= To do =
The entries are to be reproduced verbatim, with all pictures omitted.

[Extracted records]
****************
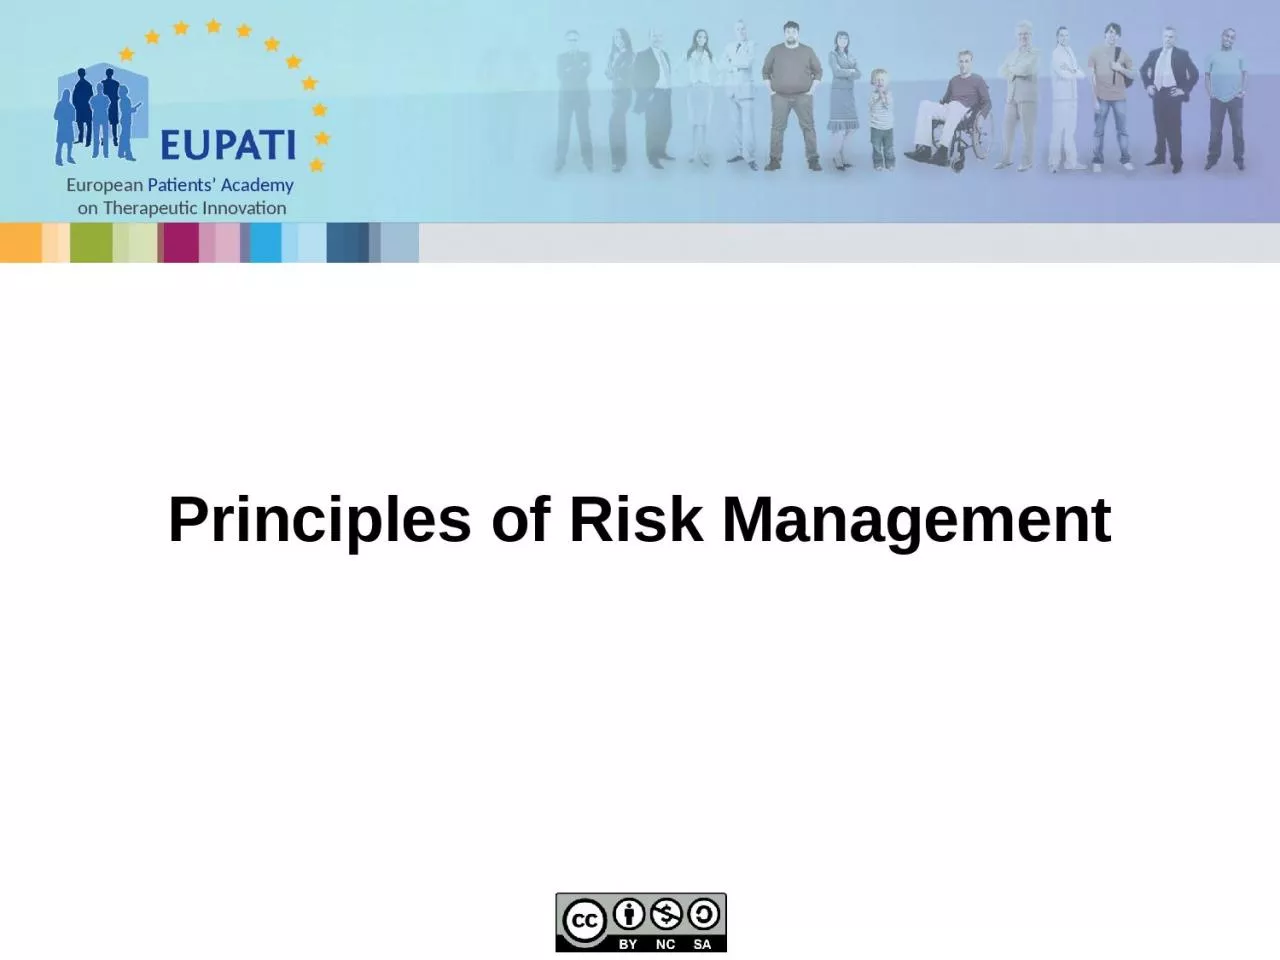 Principles of Risk Management
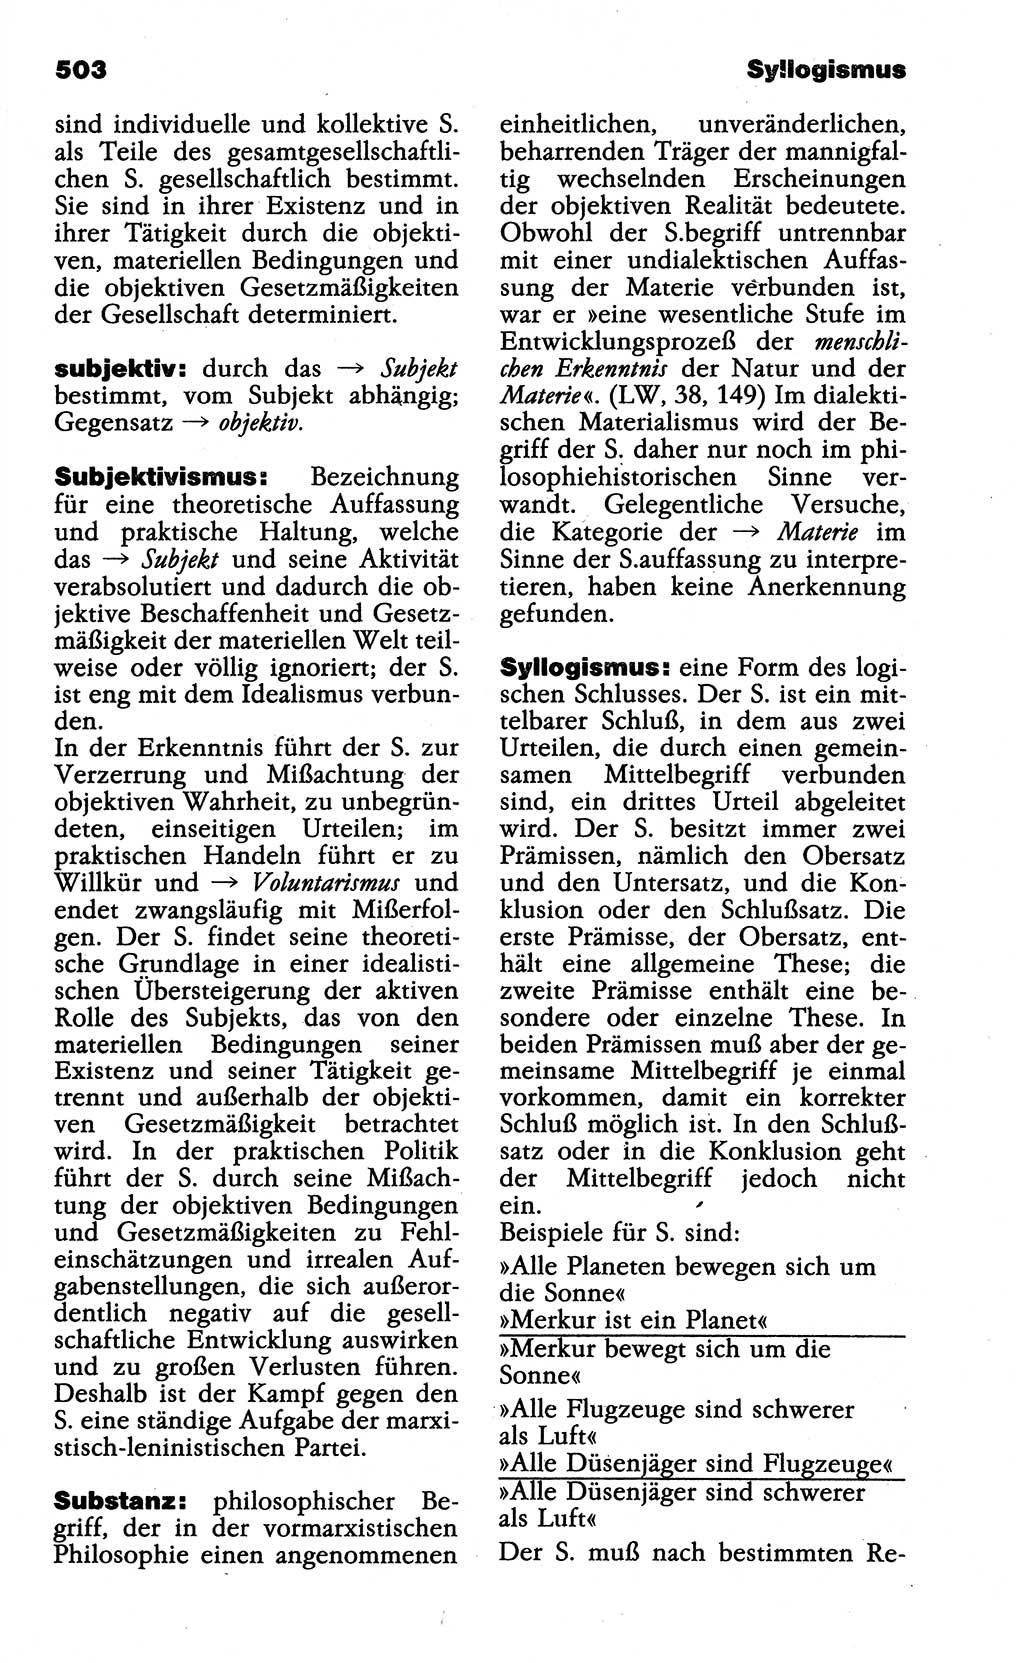 Wörterbuch der marxistisch-leninistischen Philosophie [Deutsche Demokratische Republik (DDR)] 1985, Seite 503 (Wb. ML Phil. DDR 1985, S. 503)
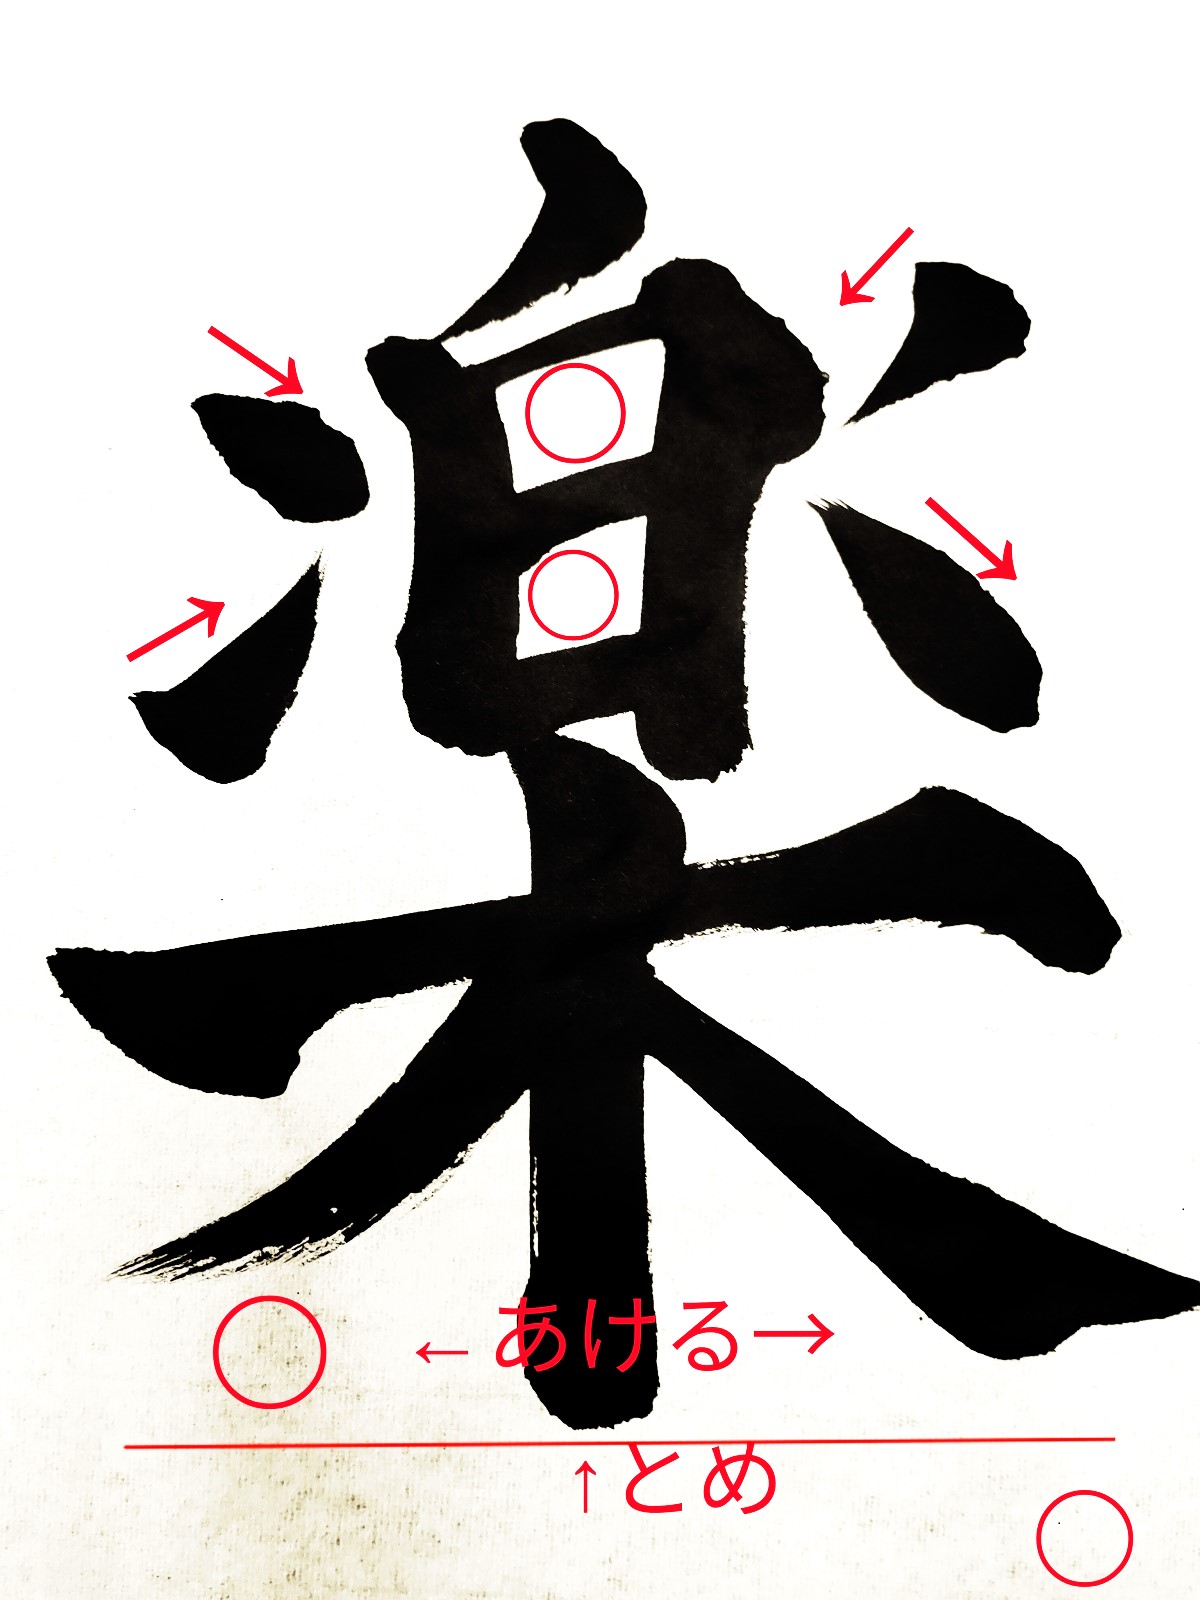 【楽】決意表明で選ばれやすい漢字「楽」の書道書き方と語源
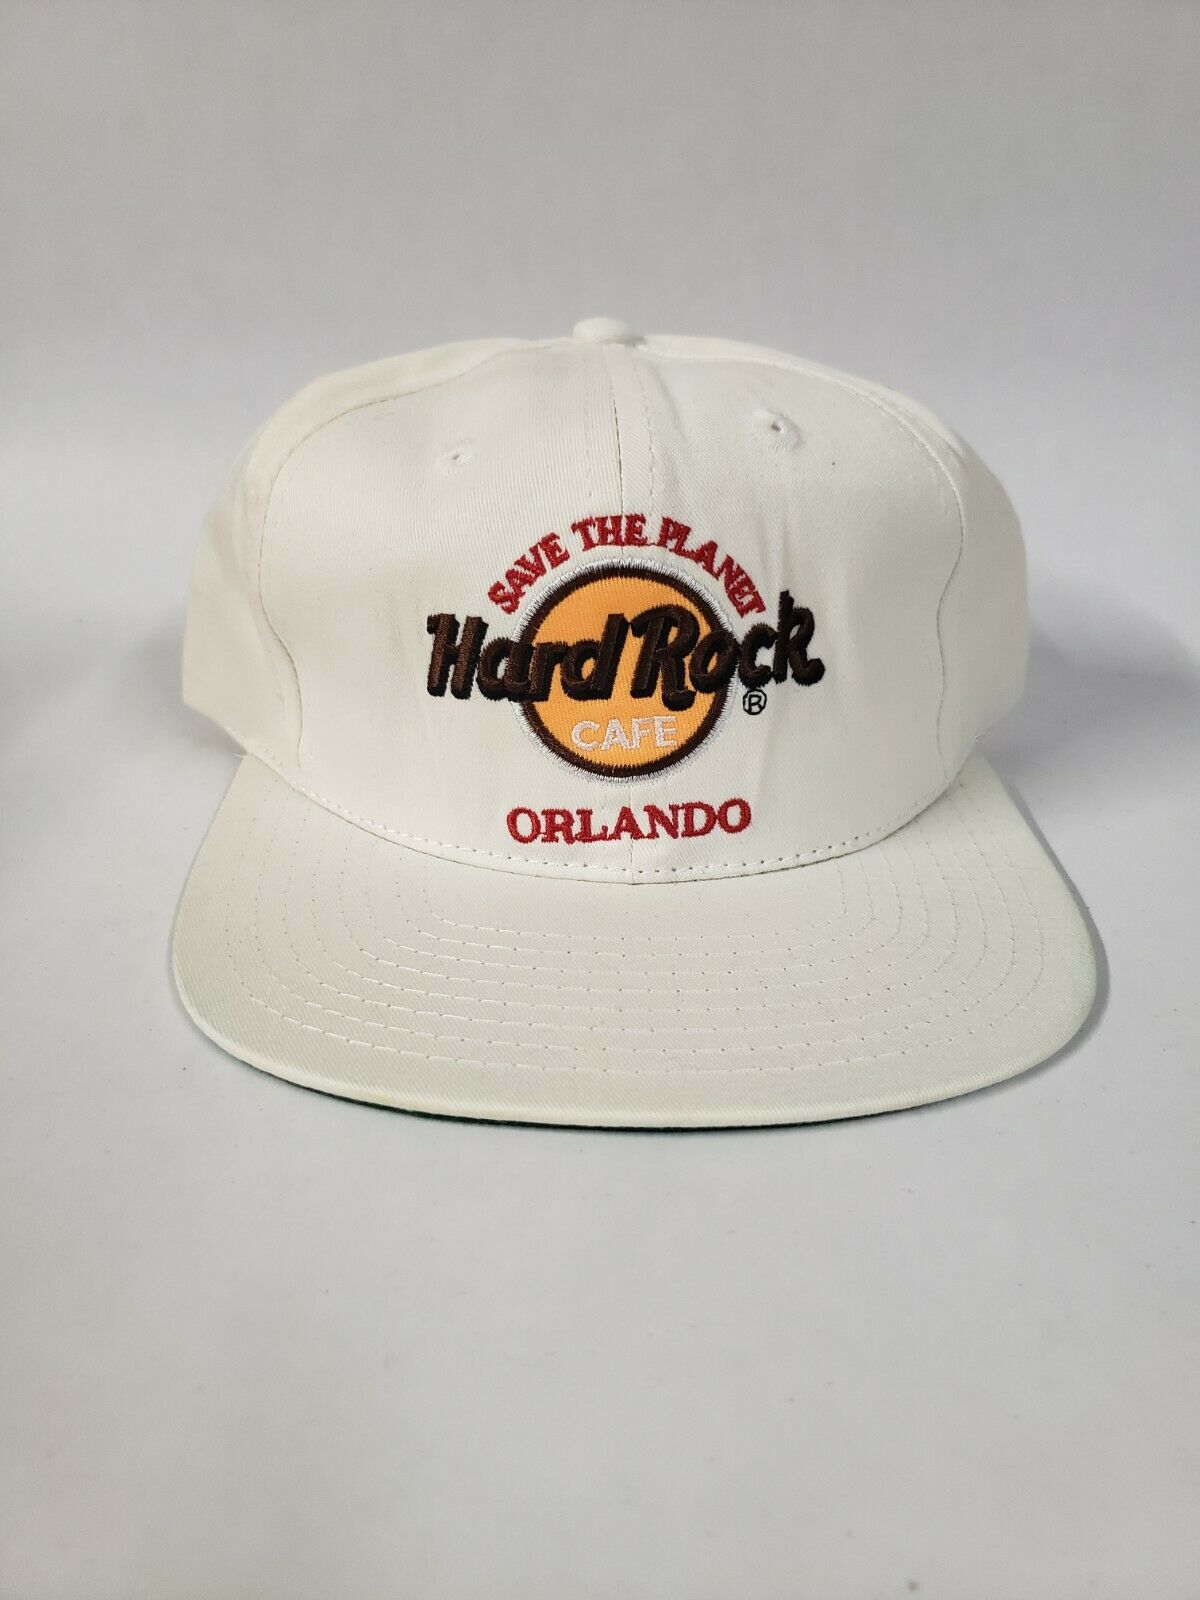 Vintage Hard Rock Cafe Orlando Save the Planet Snap Back Hat
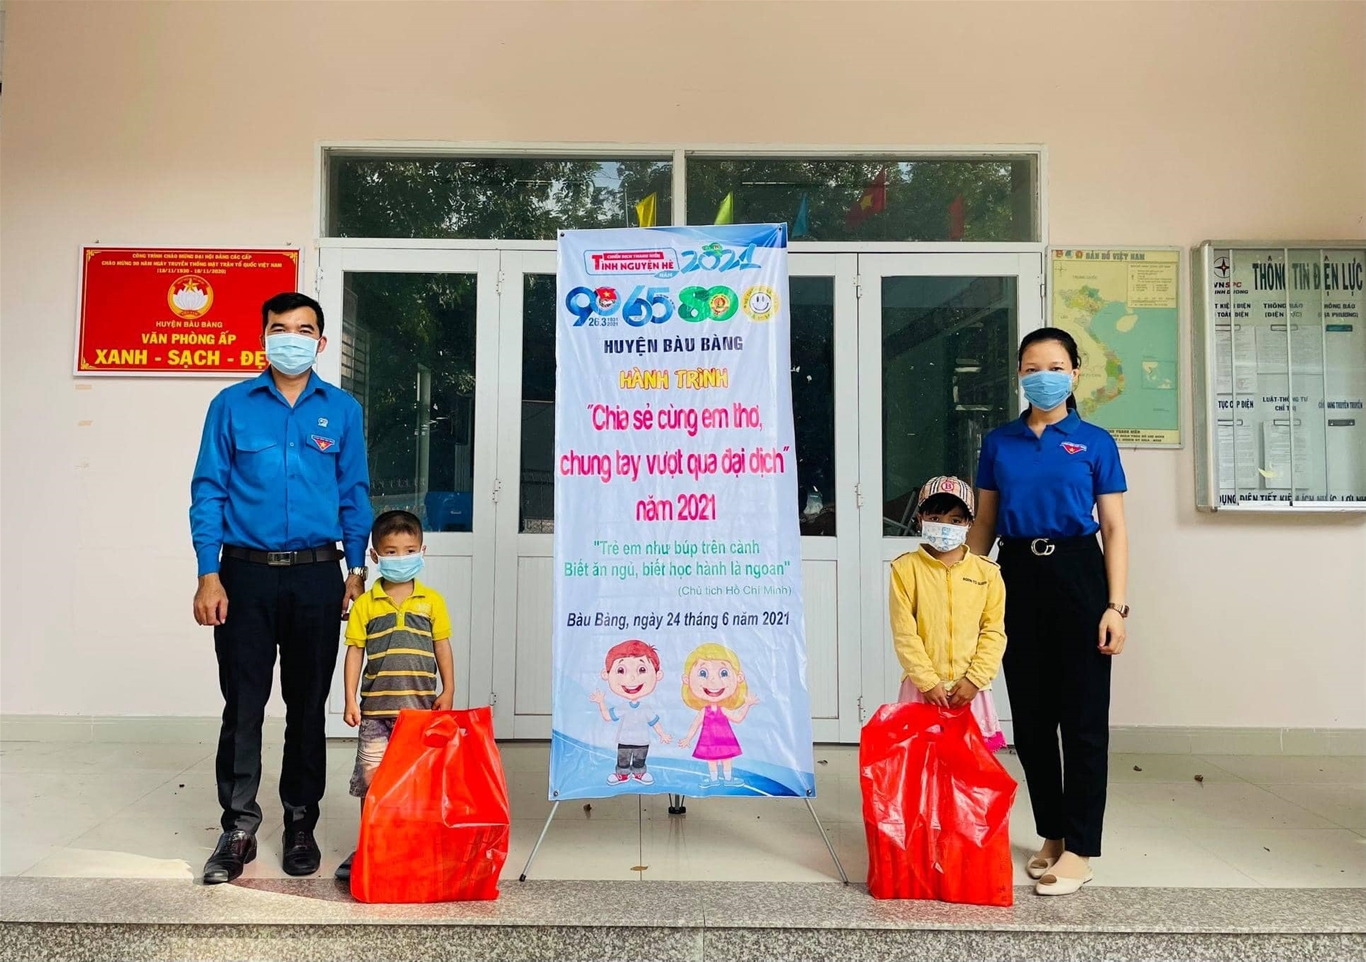 Hành trình "Chia sẻ cùng em thơ- chung tay vượt qua đại dịch" tại huyện Bàu Bàng
****************
= Result of this task =
 Principles of Risk Management
 Wörterbuch der marxistisch-leninistischen Philosophie [Deutsche Demokratische Republik (DDR)] 1985, Seite 503 (Wb. ML Phil. DDR 1985, S. 503)
 【楽】決意表明で選ばれやすい漢字「楽」の書道書き方と語源
 Vintage Hard Rock Cafe Orlando Save the Planet Snap Back Hat
 Hành trình "Chia sẻ cùng em thơ- chung tay vượt qua đại dịch" tại huyện Bàu Bàng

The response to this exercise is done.